While Hezbollah perhaps unnecessarily brought on the Israeli July 2006 war on Lebanon, with all the death and destruction it wrought, the battle clearly revealed the failings of the Israeli war machine as much as Hezbollah’s ability to defend and attack and at times prevail against a much stronger opponent. However, the party’s leader Sheikh Hassan Nasrallah’s claim, that the war has left the US vision of a “new Middle East” in shambles, is not an assertion that should make Hezbollah necessarily proud. Hezbollah’s vaunted capacity to defend against an Israeli attack is of questionable use on the internal battlefield, where the opposition it leads and the pro-Western government has locked horns for the past eight months. After icebreaking talks at the senior representative level in France earlier this month, both sides await a renewed dialogue but neither side is backing down on its demands. The Israeli war on Lebanon formed a turning point in Lebanese politics, its aftermath throwing into relief the fragility of the coalition that had been patched together.

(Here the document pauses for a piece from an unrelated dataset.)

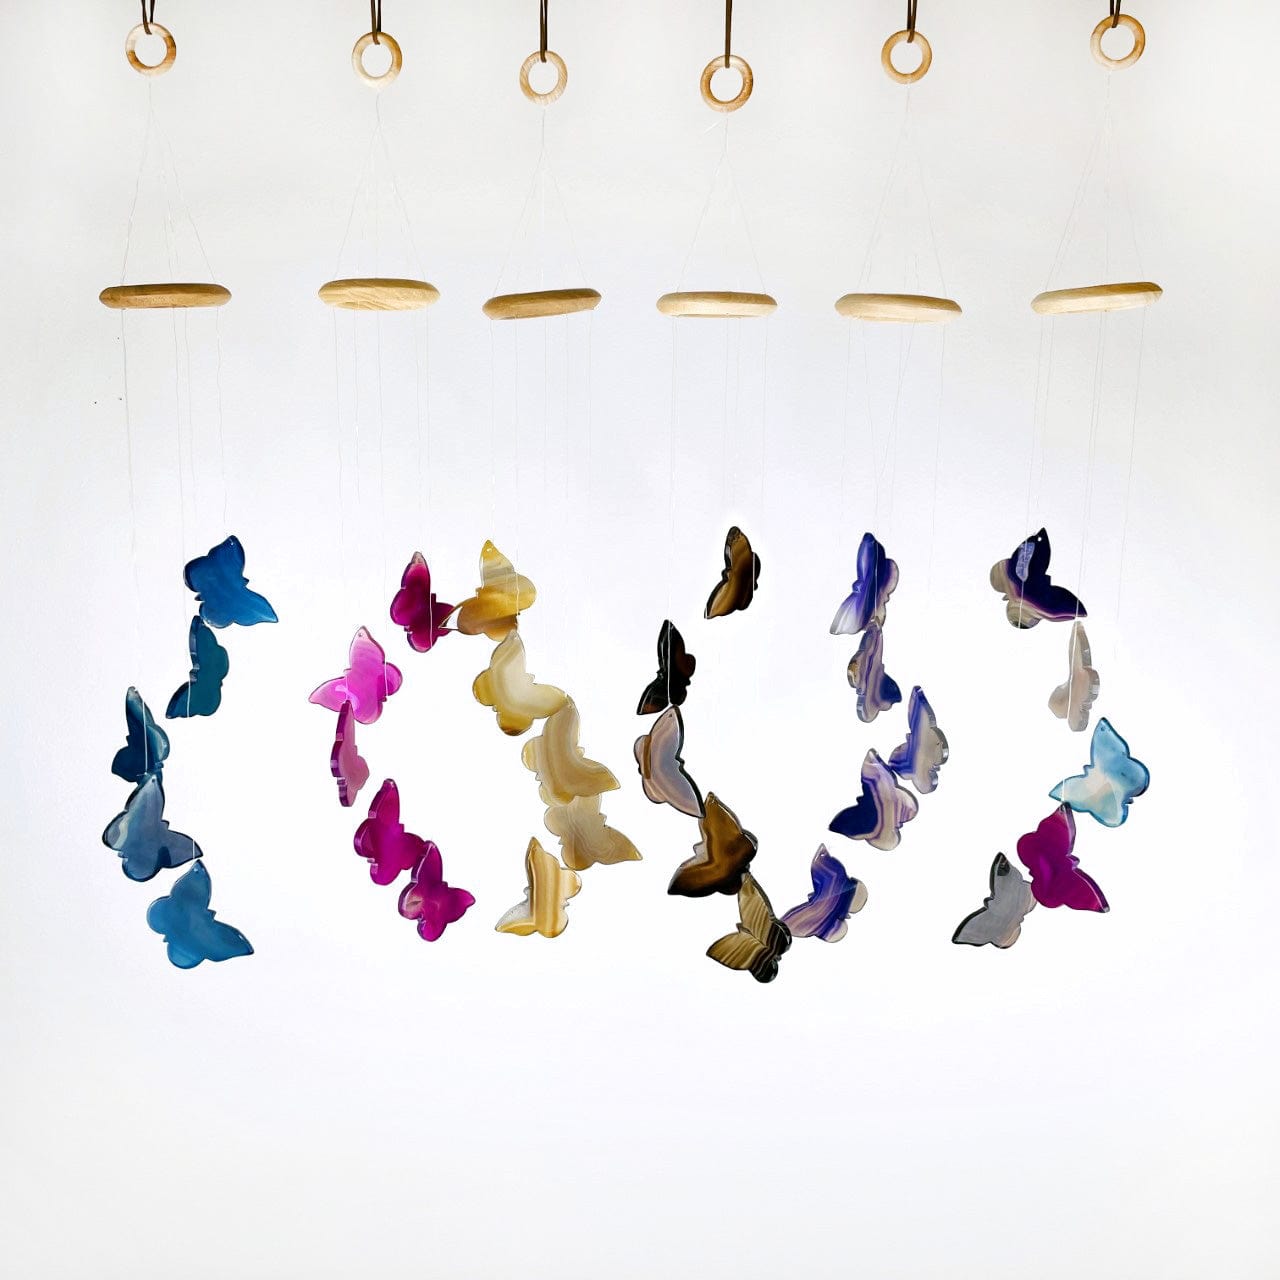 all colors of agate butterfly wind chimes hanging in a row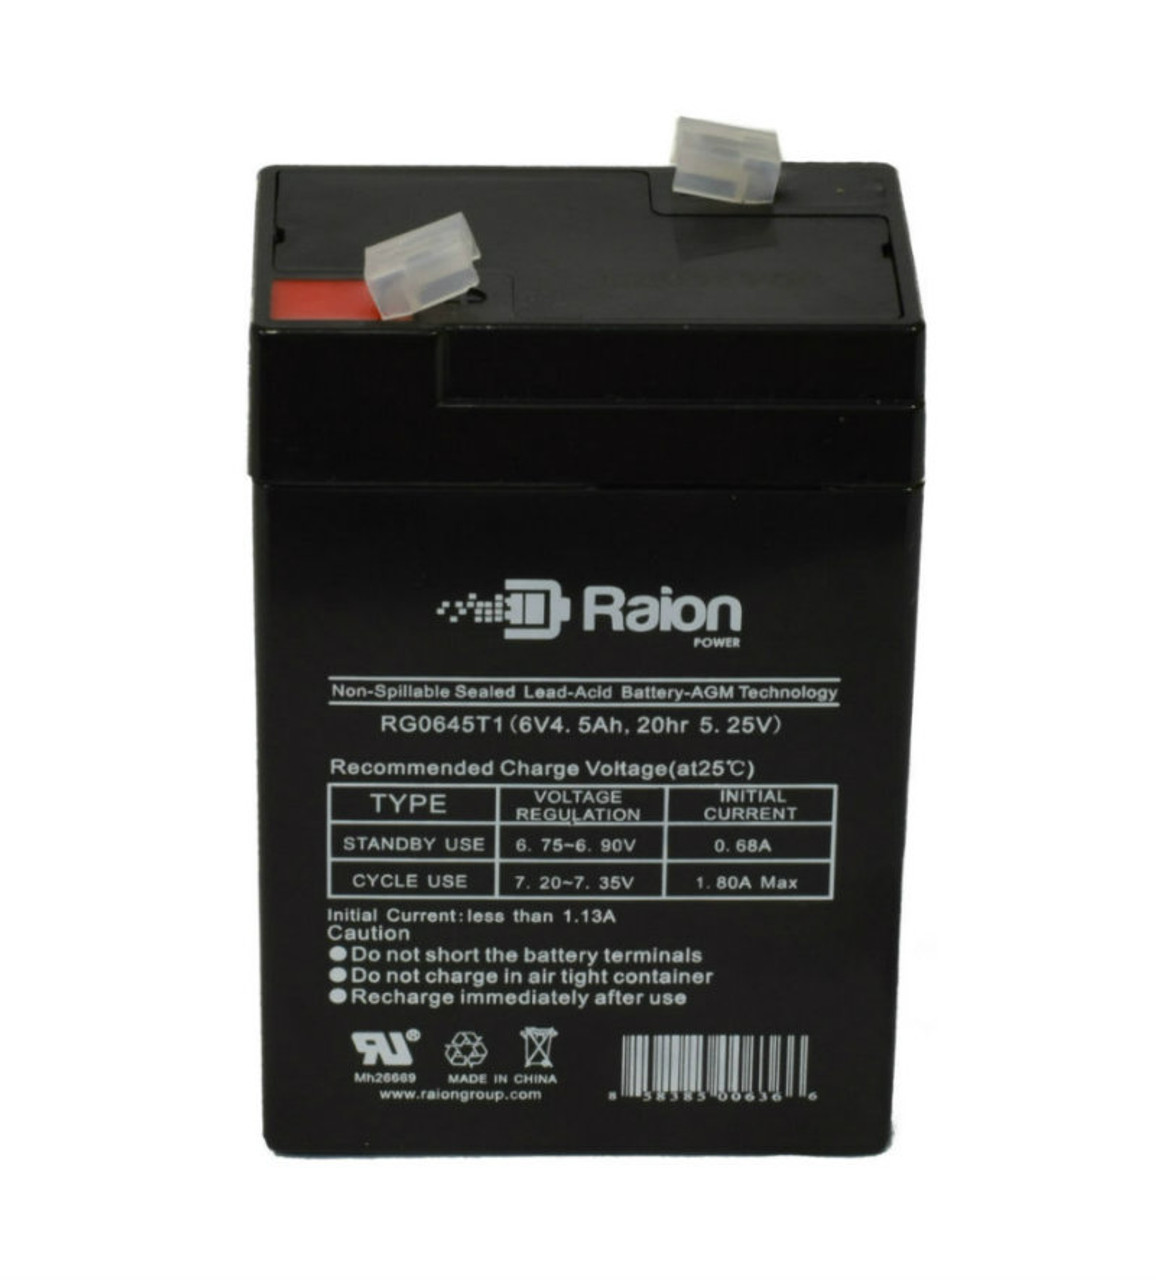 Raion Power RG0645T1 Replacement Battery Cartridge for Baxter Healthcare 821 Microate Inf Pump

Hezbollah, meanwhile, catapulted itself into the executive branch after having, for the first time in its history, taken part in the Lebanese electoral process. But the party did not act like just another ordinary member of an ordinary Lebanese government. The power of the veto that Hezbollah sought in a national unity government has swept into a conflict without a cause beyond securing a grip on power. As Lebanon has lost the ability to act, competing powers in and out are using the country as a base to promote their interests. The longer this futile power game persists, the more the value system of Lebanese society will teeter, and the greater the risk that the Lebanese right to self-determination will be surrendered, impinging upon every facet of life. This leaves us with the question as to whether it is still possible to halt this internecine fighting and spare the nation the disasters that await it after serving as a pawn in international conflicts.
Signs of failures are clearer than signs of a peaceful settlement. Indeed, Lebanon today faces its most difficult moment since the signing of the Taif Agreement in 1989, which brought an end to civil hostilities. With so many difficult challenges facing it, the future of the country is hanging in the balance. Nobody wanting a genuine solution in Lebanon would argue with Nasrallah’s criticism of Israel and America who, he says, had wanted the Siniora government to expand its authority to the whole of Lebanon’s territory to the detriment of the resistance. Or to his other point that the war aimed at imposing a new Middle East broken up into confessional and ethnic mini-states, again serving the interests of the United States and Israel. Such a divisive Middle East with little regard for democracy would be unacceptable.
However, much the same way Hezbollah managed to force Israel to withdraw from most of south Lebanon seven years ago, the party should use its influence to rally the Lebanese around one goal — that of unity — around one flag.